Robinson died at the age of 86 on May 2, 2002 from complications of Alzheimer's disease in New York. She was survived by her son and five grandchildren.

== Personal life ==

She married Sugar Ray Robinson on May 29, 1944. They had difficulty having children during their tumultuous marriage. Robinson had four miscarriages before the birth of their son, Ray Robinson Jr. (born 1949). Despite her husband’s extramarital affairs, Robinson was present in support and often seen ringside during his fights. They separated in 1960 and obtained a divorce in 1962.
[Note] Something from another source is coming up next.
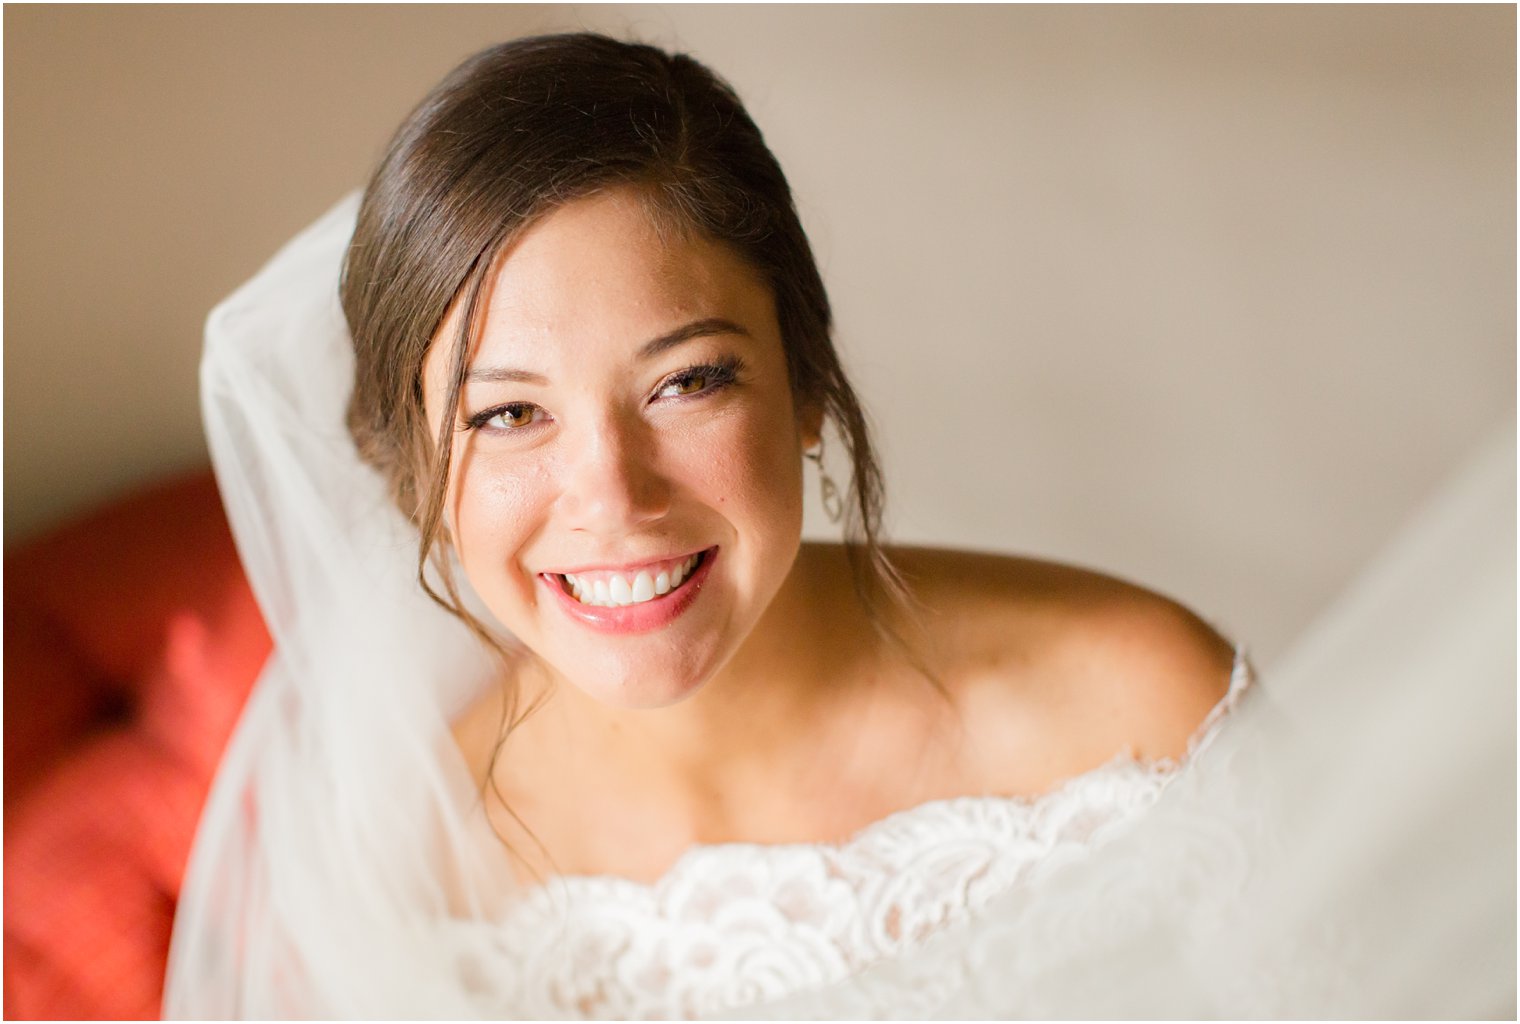 Bridal Portrait | Pleasantdale Wedding Photos by Idalia Photography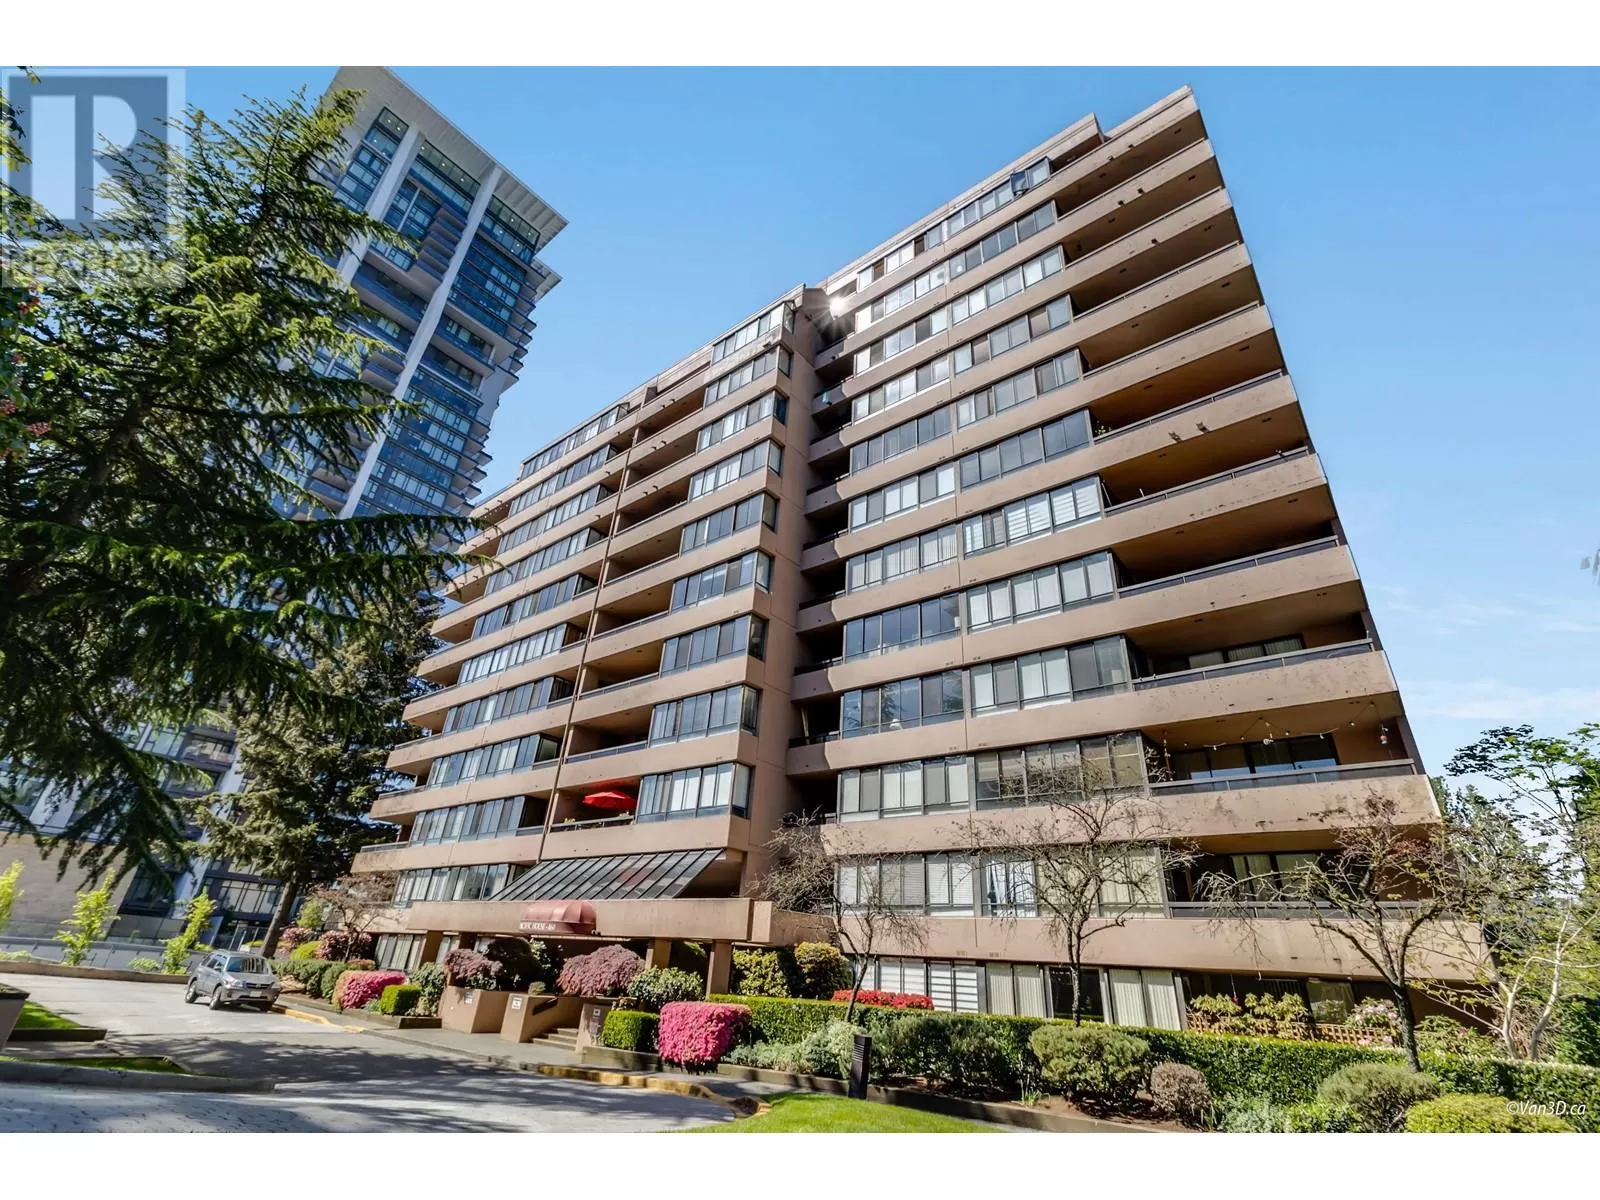 Apartment for rent: 710 460 Westview Street, Coquitlam, British Columbia V3K 6C9

In 1969, Sugar Ray tried to declare their marriage void on the grounds that her divorce from a previous husband was fraudulent; his case was dismissed. Their separation agreement provided her with $200 a week, fringe benefits and a percentage of any annual income over $60,000. In 1989, Robinson stated her divorce settlement amounted to a little more than $23,000 due to Sugar Ray's bad investments and issues with the IRS.